Last year the Baltimore Sun did a major article about the robo-signer problem. They may pick up the story about Holland. I’ll have to see if the Wash Post thinks it’s worth their notice.
Finally:
UN investigator accuses US of shameful neglect of homeless
UN special rapporteur says wealthy US ignoring deepening homeless crisis while pumping billions into bank rescues
LINK.
It’s kinda weird, right? FDL is *literally* the only site in the world that is reporting this. Nothing on blogs, nothing in the news.
“What kind of a man is Obama who would dare to use a nine-year-old dead girl as a stage prop to make a point about the need for civility in our dealings with others during a national speech, when he is assisting the criminal banks to steal millions of homes in the United States and slaughtering thousands of innocent women and children with predator drones in Afghanistan and Pakistan?”

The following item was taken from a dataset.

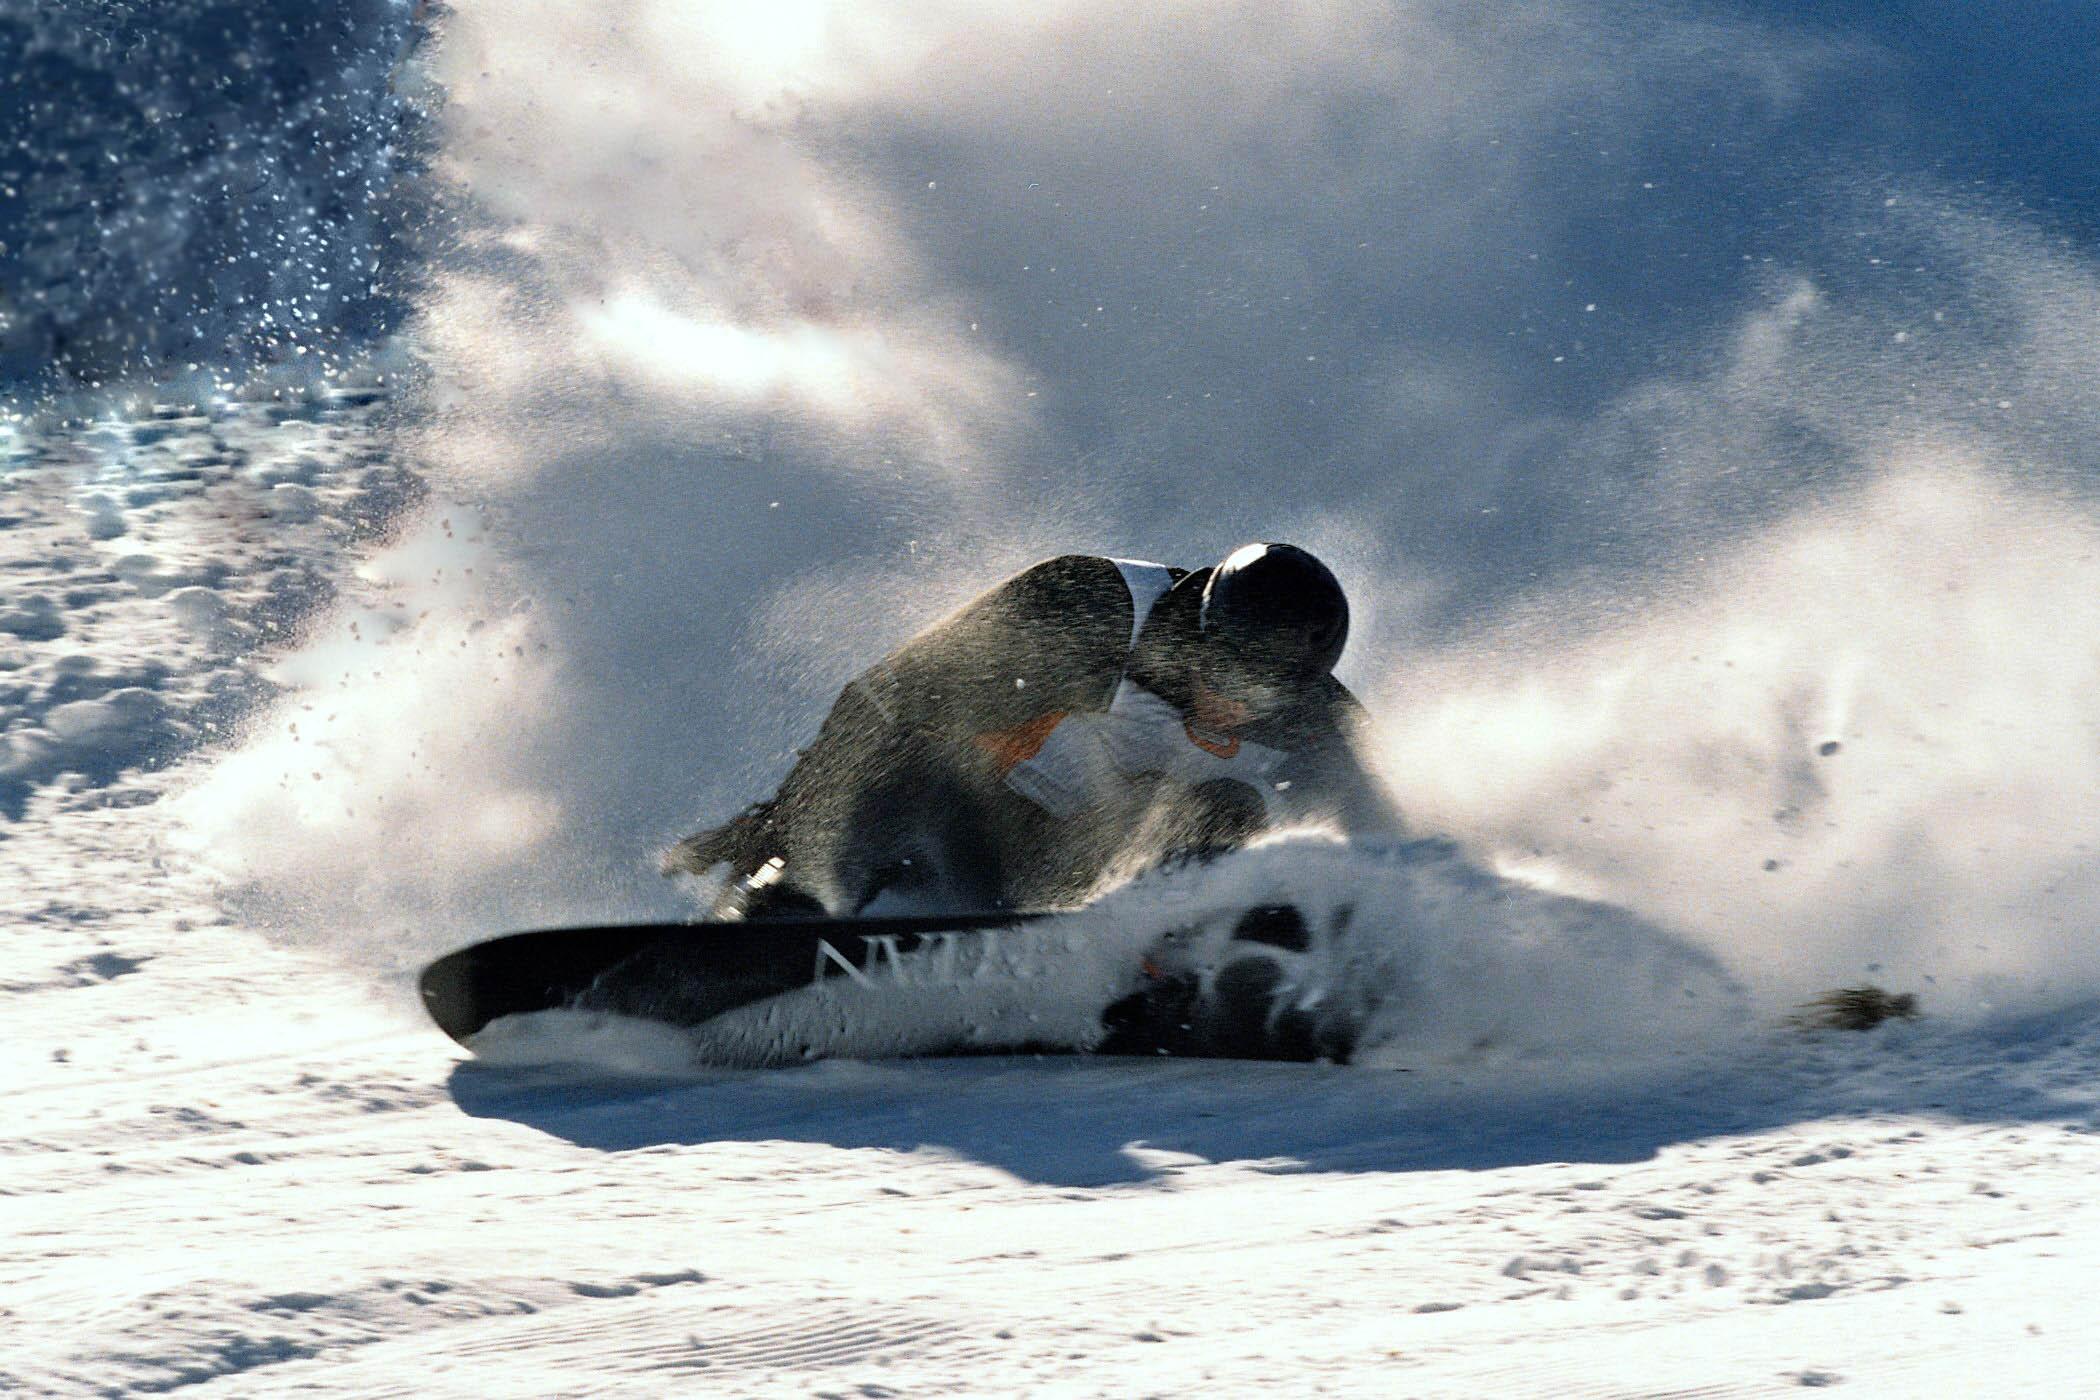 snowboarding wallpaper mobile hd - photo #24

Thank you. And for all your good work.
This story seems to be a hoax. After 36 hours not one other blog or media channel has picked up this story. I follow half a dozen blogs that are very interested in this subject — Naked Capitalism especially.
Agreed.
Not exactly a hoax, professor, but the story did get a lot of stuff wrong. Bloomberg has a more accurate take on it here: http://www.bloomberg.com/news/2011-01-19/ally-s-gmac-dismisses-250-maryland-foreclosures-update2-.html
There, the answer to jpe12′s question @1 appears: it was a deal that had the class action suit withdrawn in exchange for withdrawal of the foreclosure actions.